AIM OF THE EXERCISE –
Your answer should consist only of the lines below from the one with "Clarity PSO Press Release" through the one with "Vintage Women's Althea", copied exactly.

------ DATA SHOWN ------

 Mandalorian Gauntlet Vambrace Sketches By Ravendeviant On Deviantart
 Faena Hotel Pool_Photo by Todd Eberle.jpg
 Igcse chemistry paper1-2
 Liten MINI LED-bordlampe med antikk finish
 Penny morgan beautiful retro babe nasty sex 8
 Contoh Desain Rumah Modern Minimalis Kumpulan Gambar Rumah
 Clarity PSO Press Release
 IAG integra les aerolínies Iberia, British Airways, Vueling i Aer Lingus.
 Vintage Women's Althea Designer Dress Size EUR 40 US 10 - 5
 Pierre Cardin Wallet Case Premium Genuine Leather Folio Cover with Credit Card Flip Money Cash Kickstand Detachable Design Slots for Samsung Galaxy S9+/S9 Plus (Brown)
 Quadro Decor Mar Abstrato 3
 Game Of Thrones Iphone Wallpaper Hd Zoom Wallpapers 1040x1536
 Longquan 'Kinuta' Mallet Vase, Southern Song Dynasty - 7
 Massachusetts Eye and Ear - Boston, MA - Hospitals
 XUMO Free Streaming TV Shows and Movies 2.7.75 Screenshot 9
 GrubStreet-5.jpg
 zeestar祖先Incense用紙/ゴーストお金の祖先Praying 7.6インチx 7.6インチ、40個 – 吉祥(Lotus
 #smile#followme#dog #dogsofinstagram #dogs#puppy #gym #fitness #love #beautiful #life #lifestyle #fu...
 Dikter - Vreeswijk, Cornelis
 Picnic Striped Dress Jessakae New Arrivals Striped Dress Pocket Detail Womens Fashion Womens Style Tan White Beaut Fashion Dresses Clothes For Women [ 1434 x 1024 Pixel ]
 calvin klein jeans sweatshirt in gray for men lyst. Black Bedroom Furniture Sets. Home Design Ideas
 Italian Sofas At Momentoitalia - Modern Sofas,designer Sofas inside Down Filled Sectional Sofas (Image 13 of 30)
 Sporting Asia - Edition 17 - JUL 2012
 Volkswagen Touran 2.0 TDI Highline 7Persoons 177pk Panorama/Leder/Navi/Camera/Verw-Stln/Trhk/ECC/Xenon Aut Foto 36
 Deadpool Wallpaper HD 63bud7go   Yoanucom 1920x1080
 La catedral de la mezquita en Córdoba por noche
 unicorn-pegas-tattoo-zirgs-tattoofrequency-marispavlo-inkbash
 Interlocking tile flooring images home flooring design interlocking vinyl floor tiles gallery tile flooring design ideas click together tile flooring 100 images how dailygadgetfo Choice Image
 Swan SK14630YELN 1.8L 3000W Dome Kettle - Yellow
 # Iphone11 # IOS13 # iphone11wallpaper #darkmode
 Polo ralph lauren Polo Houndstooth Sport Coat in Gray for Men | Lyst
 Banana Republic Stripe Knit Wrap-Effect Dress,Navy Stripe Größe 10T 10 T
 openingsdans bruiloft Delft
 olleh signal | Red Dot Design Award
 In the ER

------

OUTPUT OF THE TASK –
 Clarity PSO Press Release
 IAG integra les aerolínies Iberia, British Airways, Vueling i Aer Lingus.
 Vintage Women's Althea Designer Dress Size EUR 40 US 10 - 5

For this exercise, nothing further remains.